Sounds to me like there's some kind of thermal cut-out kicking in when the motor gets too hot. Do you have a manual with circuit diagram? Check that all vents are clear and free from dust/rubbish. A circuit diagram would tell you whether or not it has a fan to cool the motor. If this has died then it could be an answer.


----------



## misterfish (23 Mar 2010)

http://www.howtomendit.com/answers.php?id=237613

Sounds like you are not the only one with this problem. For something that expensive you would expect (hope) it would be reliable!

Misterfish

Also some comments on Amazon http://www.amazon.co.uk/product-reviews/B000OT8J5A


----------



## thomvic (23 Mar 2010)

Wiser said:


> But it's not a cheap make (Reebok, iRun).

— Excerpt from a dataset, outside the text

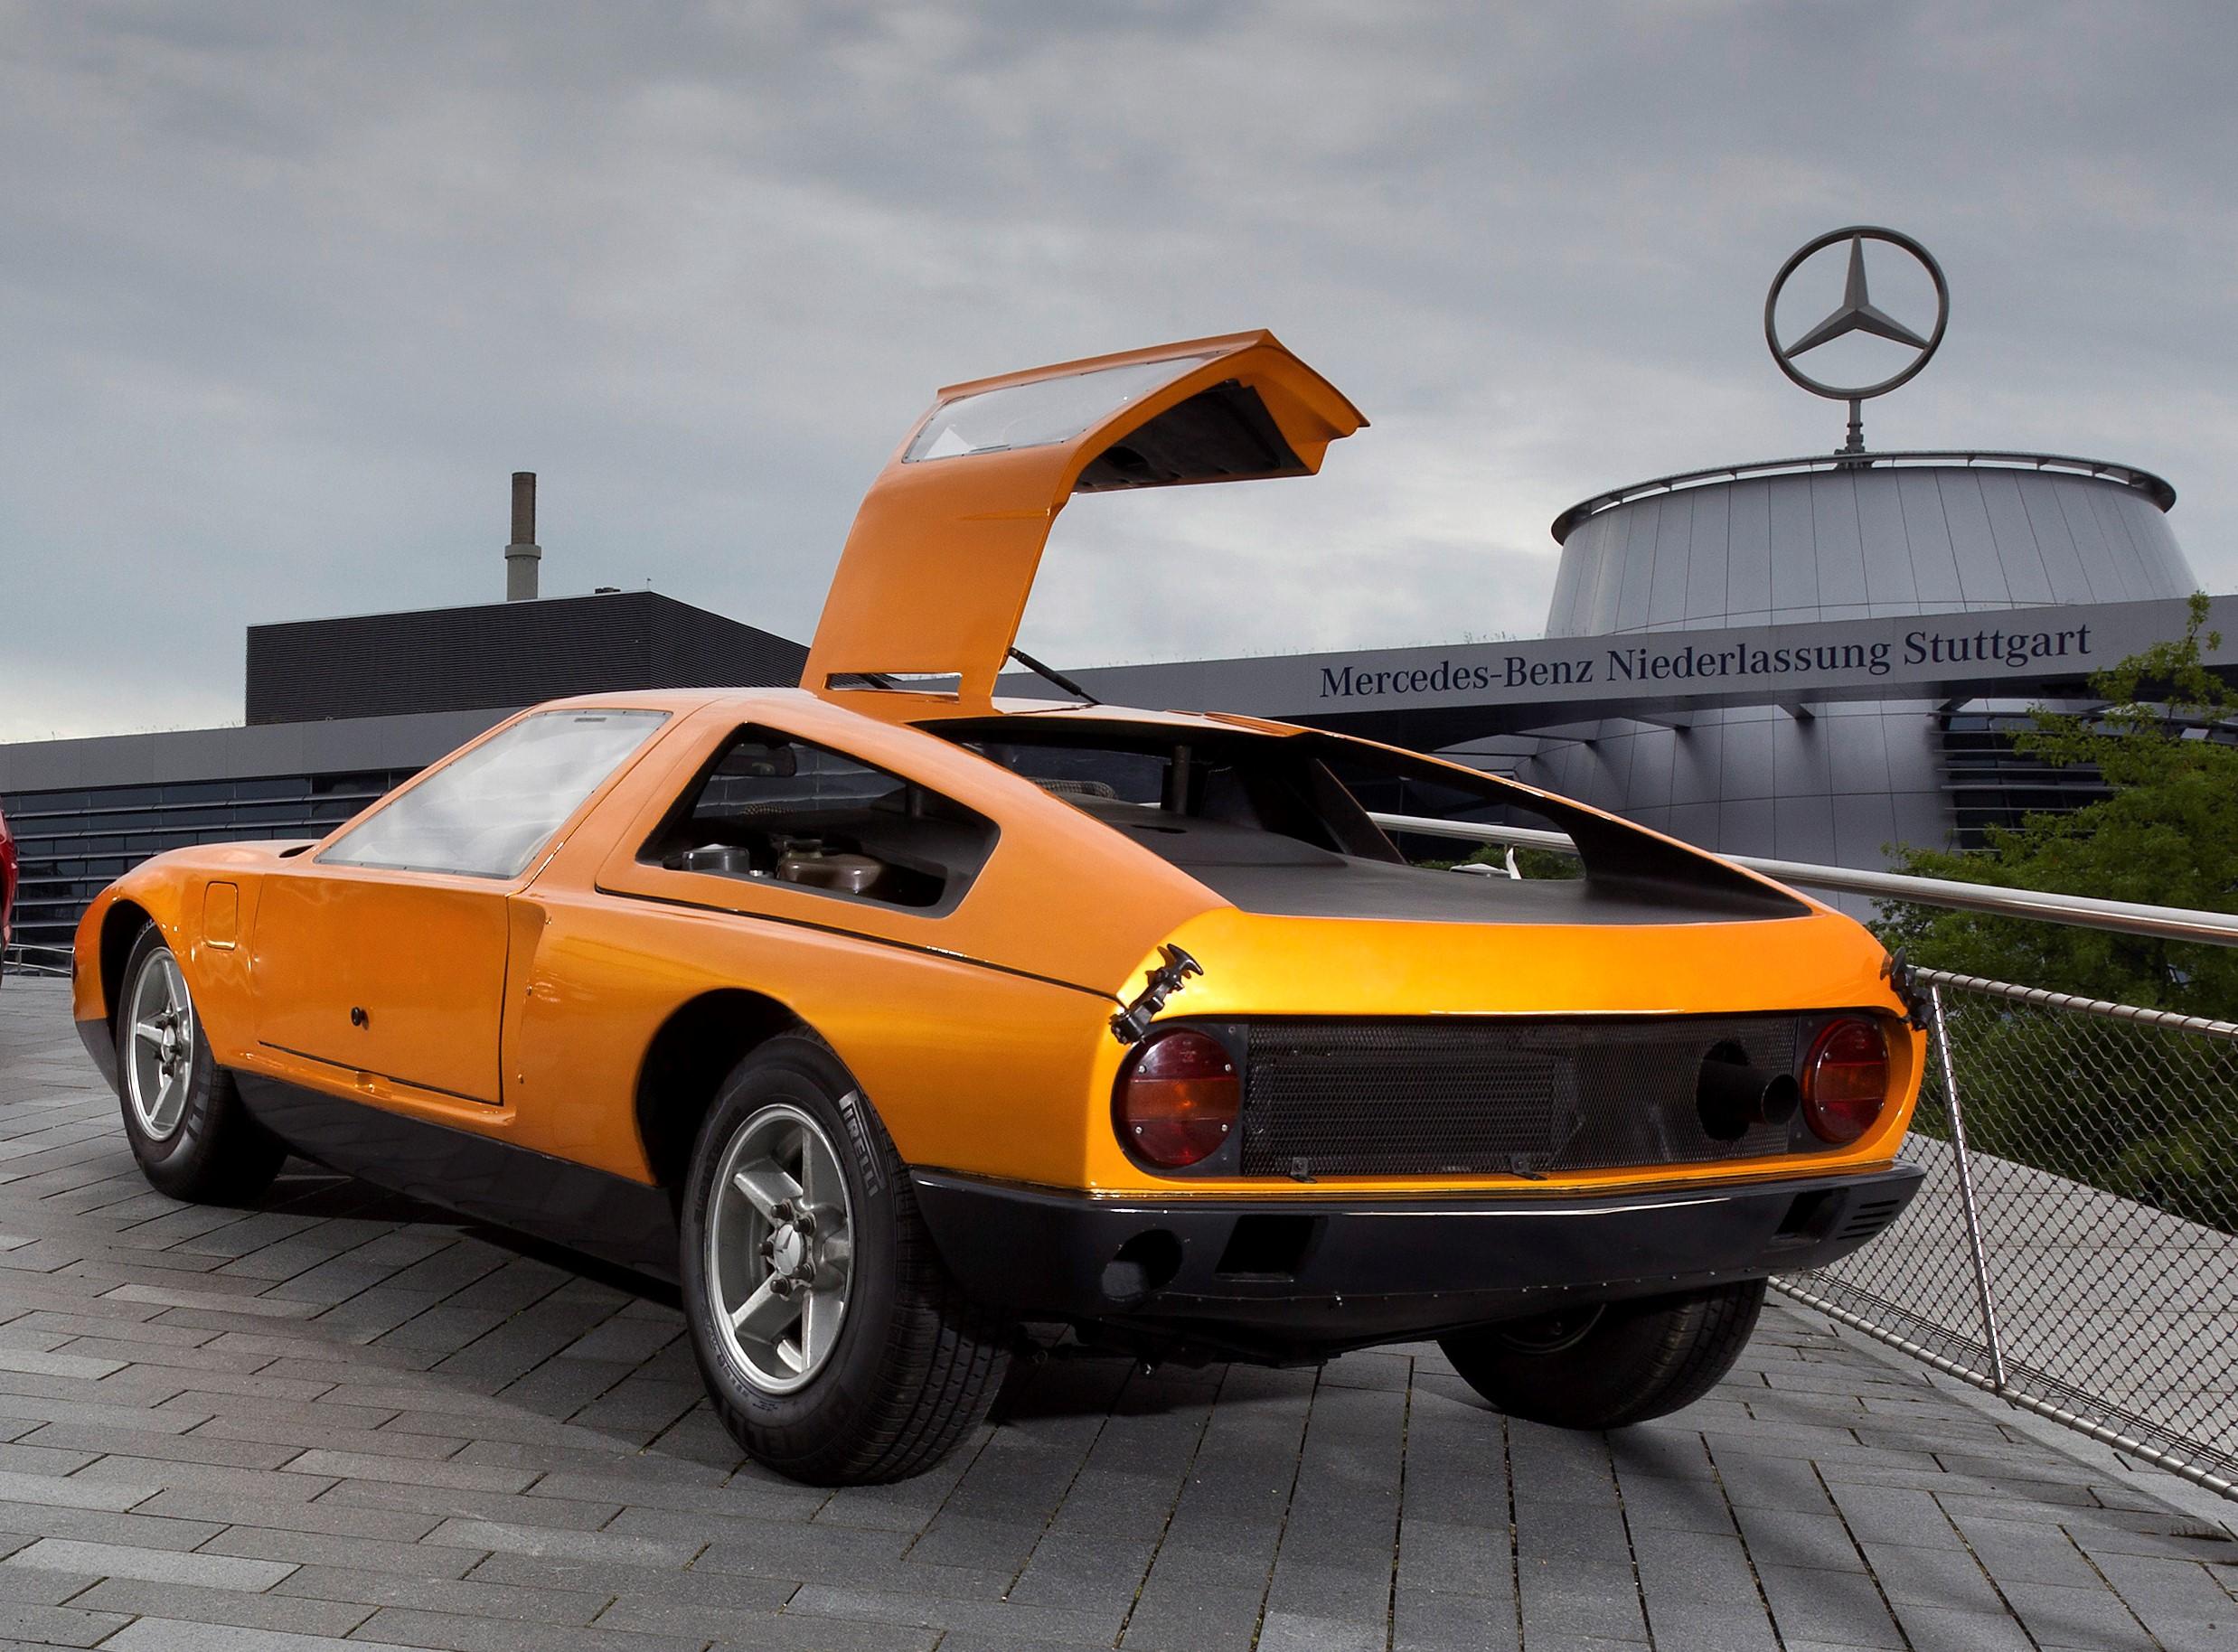 1970 Mercedes-Benz C 111-II full rear view

I'd like to bet that it came from the same Far-East factory that the cheap ones come ffrom though. Just a designer label probably.

Richard


----------



## wizer (23 Mar 2010)

Thanks guys. Looks like a common problem. I will try to contact their tech support dept.


----------



## newt (23 Mar 2010)

Tom mine has a life time service warranty as long as it stays in my possession. However when the tech came to do the last service he said that many of the cheaper machines have a thermal cut out to stop them being used on a commercial basis. You might try using a cooling fan to see if that extends the duration. Perhaps you are much fitter than you realise and it just cant cope with your pace


----------



## wizer (23 Mar 2010)

I wish Pete. I only ever walk on it and never for more than 40mins. But the missus has been using it for running so it might be overheating.


----------